3. The method of claim 1, wherein the predictive network is a cross-bi-directional feature pyramid module.

4. A method of identifying pedestrian attributes according to claim 3, wherein the image to be detected is input into the trained feature extraction network; wherein the image to be detected is a three-way image;

the three-channel graph is input into a residual network after being convolved by 3*3, wherein the residual network comprises a first residual module, a second residual module, a third residual module, a fourth residual module, a fifth residual module, a sixth residual module and a seventh residual module from an input end to an output end, and the number of corresponding residual blocks in the first residual module, the second residual module, the third residual module, the fourth residual module, the fifth residual module, the sixth residual module and the seventh residual module is 1, 2, 3, 4 and 1;

A shallow layer characteristic diagram is obtained in the fourth residual error module, a middle layer characteristic diagram is obtained in the fifth residual error module, and a deep layer characteristic diagram is obtained in the sixth residual error module;

three fusion units are arranged at the output of the third residual error module and the seventh residual error module to fuse the adjacent two-layer or three-layer characteristics; seven fusion units are arranged on the fourth residual error module, the fifth residual error module and the sixth residual error module, the resolutions of each layer are equal, the feature graphs are fused together by the fourth residual error module, the fifth residual error module and the second to last fusion unit of the sixth residual error module, and the fusion method of the fusion units is up sampling or down sampling;

and respectively connecting a head prediction module behind the fusion units of the fourth residual error module, the fifth residual error module and the sixth residual error module, and obtaining the position of the target to be detected in the image to be detected, the size of the surrounding frame of the target to be detected and the confidence through the head prediction module.

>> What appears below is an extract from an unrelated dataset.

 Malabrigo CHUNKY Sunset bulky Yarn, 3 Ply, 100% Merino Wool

5. The method of claim 1, wherein the trained pedestrian recognition model is the trained feature extraction network in the trained object detection model.

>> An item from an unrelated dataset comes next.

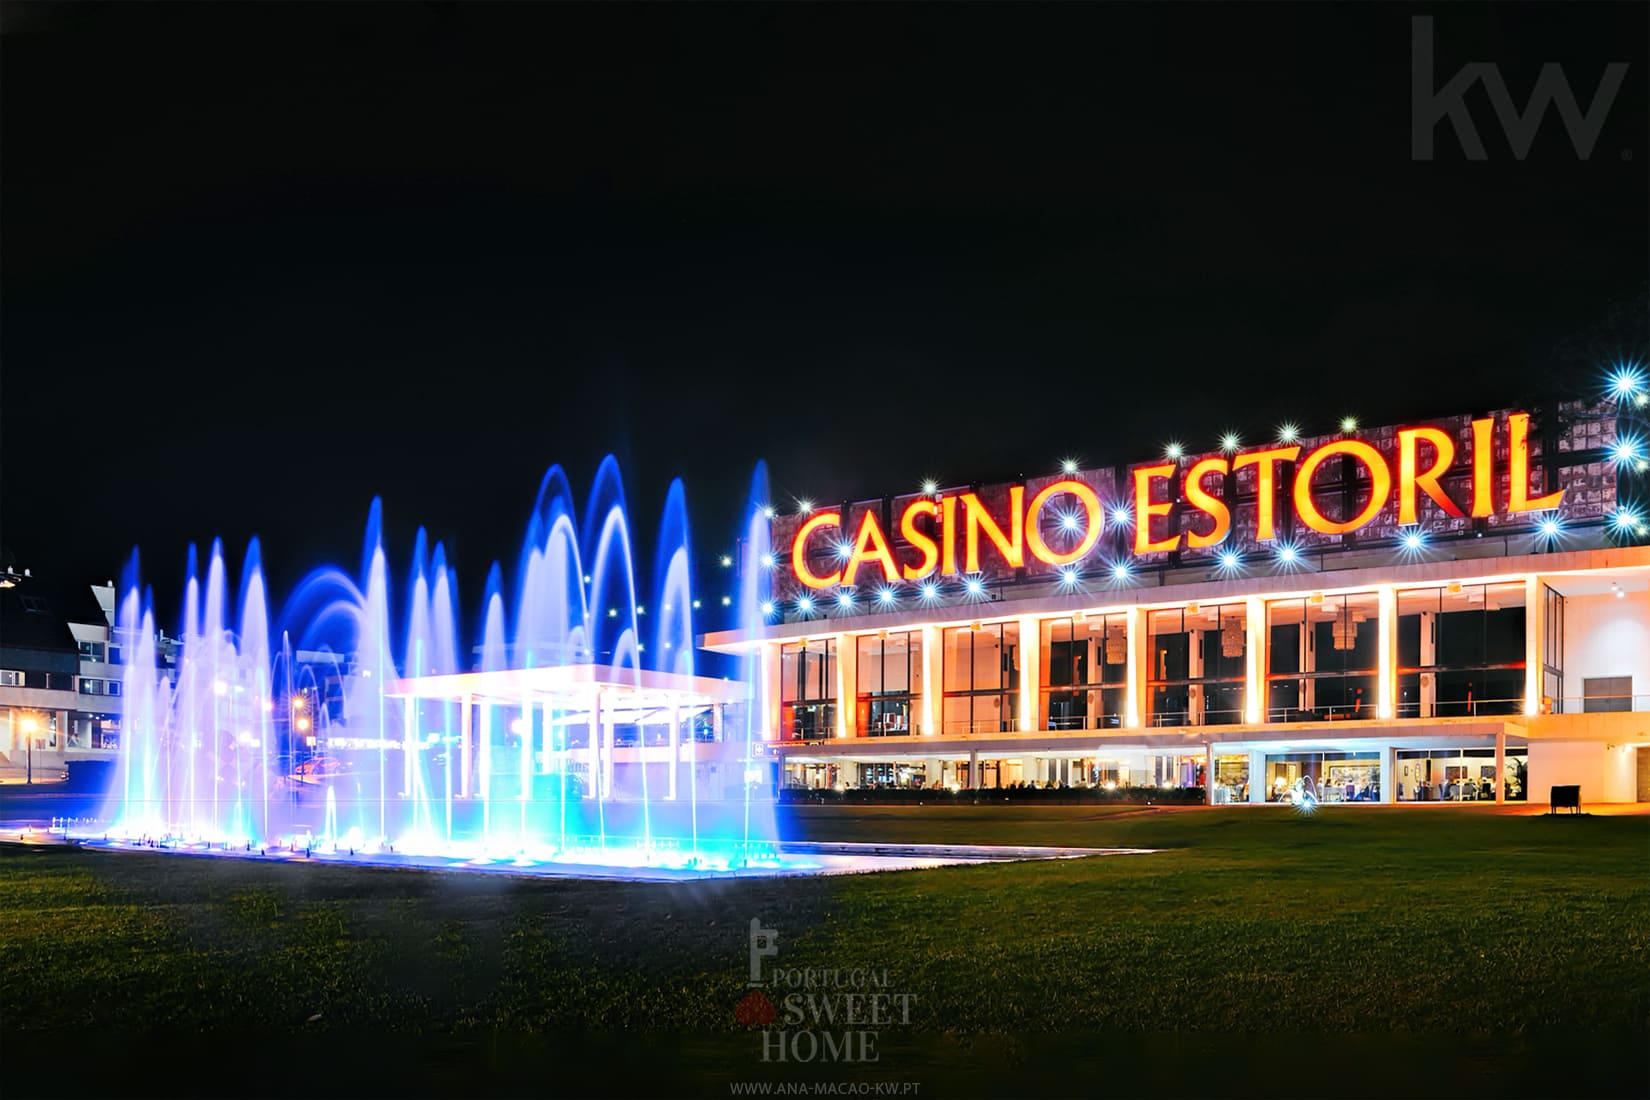 View of Casino Estoril, located nearby

6. The pedestrian attribute recognition method according to claim 1, wherein obtaining the number and proportion of pedestrians of different attribute of the category and different age attribute according to the classification result includes:

storing the classification result into a pedestrian attribute text, and counting word frequencies of the classification result in the pedestrian attribute text to obtain the number of pedestrians and the proportion of pedestrians with different attribute of different ages; wherein the gender attribute comprises male and female; the age attribute includes teenagers, young adults, and elderly people.

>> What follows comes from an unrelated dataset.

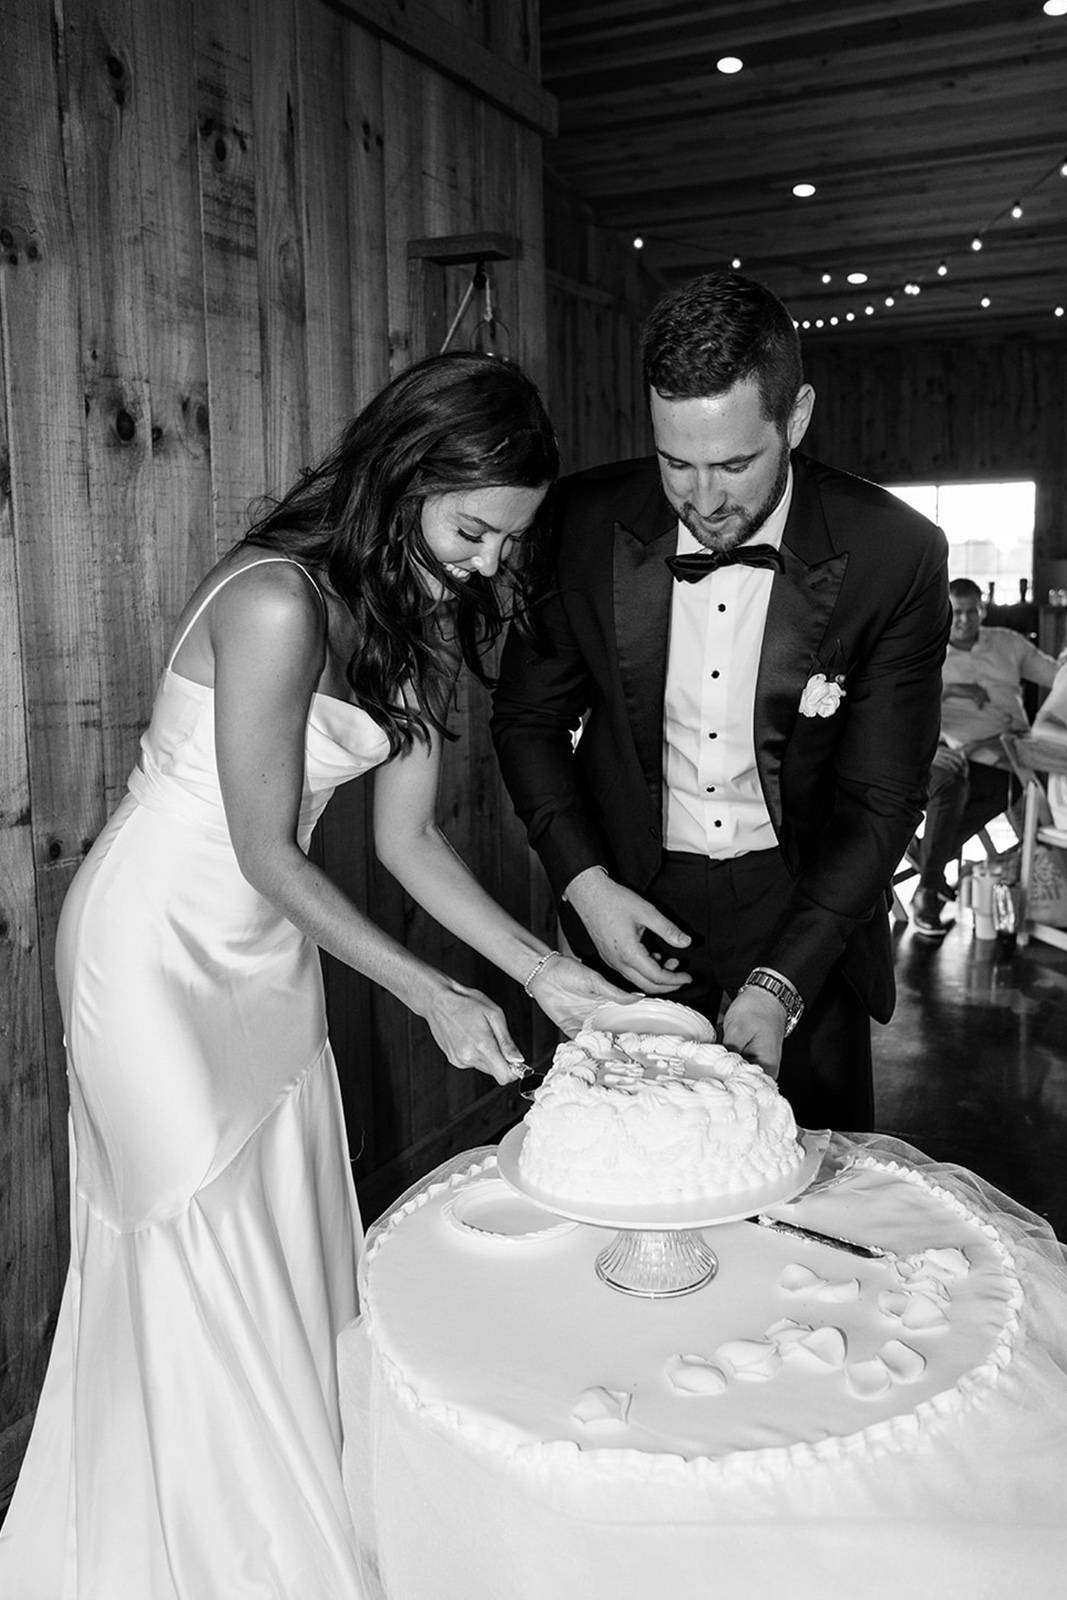 Bride and groom, cutting their wedding cake

7. A pedestrian attribute identification system, comprising:

the acquisition module is used for acquiring a real-time video, extracting an image frame from the real-time video, inputting the image frame into a trained target detection model, and obtaining a pedestrian image output by the trained target detection model;

the recognition module is used for inputting the pedestrian image into a trained pedestrian recognition model and obtaining a classification result output by the trained pedestrian recognition model according to preset pedestrian attributes; wherein the preset pedestrian attribute comprises a gender attribute and an age attribute;

the counting module is used for obtaining the number of pedestrians and the proportion of pedestrians with different attribute of different ages according to the classification result;

acquiring a real-time video;

8. An electronic device comprising a memory and a processor, wherein the memory has stored therein a computer program, the processor being arranged to run the computer program to perform the method of identifying a pedestrian attribute as claimed in any one of claims 1 to 6.

9. A storage medium, characterized in that the storage medium has stored therein a computer program, wherein the computer program is arranged to perform the method of identifying a pedestrian attribute according to any one of claims 1 to 6 at run-time.